Eligible patients were those who run a complete diary with monthly headache days (MHDs), monthly pain medication intake (MPMI), mean pain intensity (MPI) measured with the numeric rating scale, and the 6-item Headache Impact Test (HIT-6) [20], before entering the study and during the 3-month follow-up. Patients who were already taking a migraine preventive medication prior to starting erenumab were included in the study only if the medication dosage had been stable for at least 3 months and the dosage was not modified for the entire study period. At baseline, we collected demographic and anamnestic data, including headache characteristics. Patients were classified as triptan responders if they were headache free within 2 h after treating with one triptan at least three attacks [21]. Patients were classified as BoNTA responders if they had ≥ 50% reduction in MHDs; otherwise, they were classified as partial responders (30–50% reduction in MHDs) or non-responders (< 30%) [22]. Patients were treated with a monthly subcutaneous injection of 70 mg of erenumab for the first 2 months, then they continued with erenumab 70 mg or escalated to erenumab 140 mg subcutaneous injection for the third month if they did not achieve a reduction in MHDs ≥30%[23].
Endpoints and assessments
The primary endpoint was to assess the ≥ 50% reduction in MHDs at 3 months (≥ 50% responder rate). The secondary endpoints were as follows: to assess the ≥ 75% reduction in MHDs at 3 months (≥ 75% responder rate); the reduction of monthly pain medication intake and MHDs at each month; the evaluation of the MPI and the headache-related disability measured with the HIT-6 questionnaire. Additionally, we evaluated the percentage of patients who clinically converted from CM with MOH to EM every month, according to ICHD-3. Finally, we evaluated treatment safety, tolerability, and adherence.
Statistics
The statistical analysis was performed with IBM SPSS Statistics Version 26. The distribution of continuous variables was verified with the Kolmorogov-Smirnov normality test. The continuous normally distributed variables were expressed as mean ± standard deviation (SD) and compared using the paired t-test; while the continuous not normally distributed variables were expressed as median and interquartile range (IQR) and compared with the Wilcoxon signed-rank test. Fisher’s exact test was used for the categorical variables reported as counts and percentages. Logistic regression models were used to determine baseline epidemiological and anamnestic factors associated with erenumab response. The variables significantly associated with the responder status were then tested as independent variables in a multiple logistic regression model in order to test potentially independent association with responder status and to check for collinearity. Pearson’s chi-squared goodness of fit test was performed to assess the overall goodness of fit of the model. The odds ratios (OR) and the 95% confidence intervals (CI) of the risk factors were reported. All calculated p-values were two-tailed. Statistical significance was set at p < 0.05.
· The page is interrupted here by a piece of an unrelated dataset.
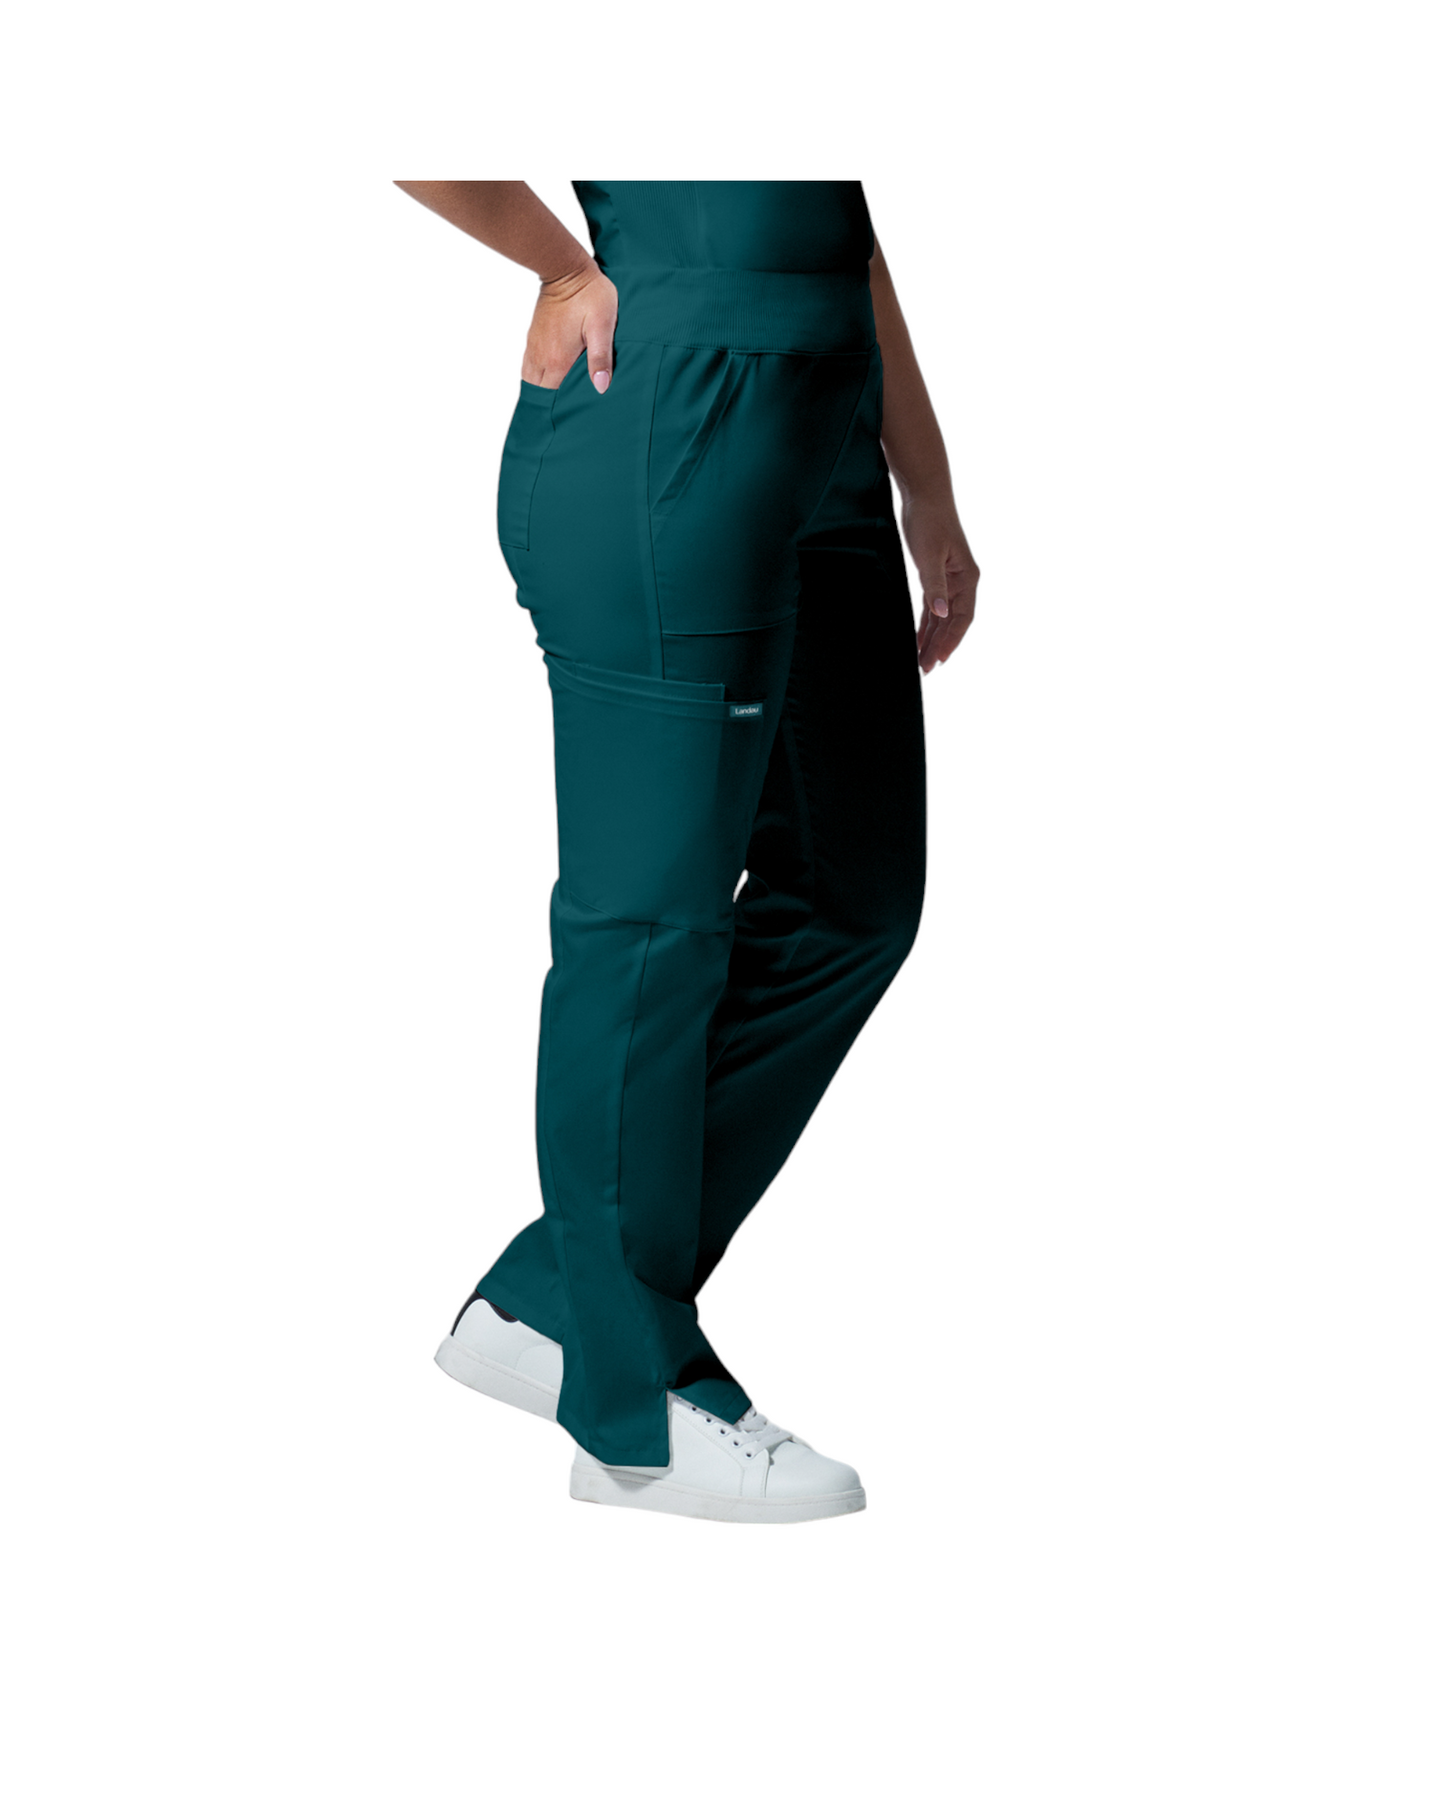 Pantalons  6 poches pour femmes Landau Proflex #LB405 couleur  Pantalons  6 poches pour femmes Landau Proflex #LB405 vue de côté couleur Caraïbes

Data availability statement
The data that support the findings of this study are available from the corresponding author upon reasonable request.
Results
Patient disposition and baseline characteristics
During the study period, 149 patients satisfied inclusion criteria among 396 migraineurs who received erenumab. Patients were selected from the tertiary headache centers of Bologna (73 out of 167 patients), Modena (56 out of 137 patients), Parma (14 out of 53 patients), and Ravenna (six out of 37 patients). Baseline epidemiological and anamnestic characteristics are summarized in Table 1. Most of the patients were females and medical history of depressive disorders were common (23%). More than half of the patients were responsive to triptans. Eighty-nine patients (59%) were taking at least one further migraine preventive drug treatment concomitantly with erenumab. Almost all patients failed BoNTA due to lack of efficacy (61% zero effect; 36% poor effect), while only four patients reported clinical benefits but discontinued BoNTA treatment due to tolerability issues. Previous failed migraine preventive medication classes are illustrated in Fig. 1. Seventy-nine patients (53%) escalated dosage of erenumab to 140 mg at the third dose because they displayed a < 30% reduction in MHDs (BoNTA non-responders). Only two patients discontinued study treatment after two doses due to personal choice related to lack of efficacy of erenumab 70 mg. No patients were lost to follow-up.
Efficacy outcomes
After 3 months, 76/149 (51%) patients achieved the primary outcome as ≥ 50% responders, including 30 (20%) patients who obtained a reduction of MHDs ≥ 75%. Rates of responders increased over time as shown in Figs. 2 and 3. Similarly, we observed a statistically significant increasing benefit over time in secondary therapeutic outcomes (Fig. 4). Mean number of MHDs decreased from 25.4 ± 5.4 to 14.1 ± 8.6 (p < 0.001), while the mean number of monthly pain medications intake decreased from 46.1 ± 35.3 to 16.8 ± 13.9 (p < 0.001). Moreover, disability evaluated with HIT-6 decreased from 66.2 ± 6.3 to 56.7 ± 9.2 (p < 0.001). Finally, MPI decreased from 7.9 ± 1.7 to 5.9 ± 1.6 (p < 0.001) at last follow-up.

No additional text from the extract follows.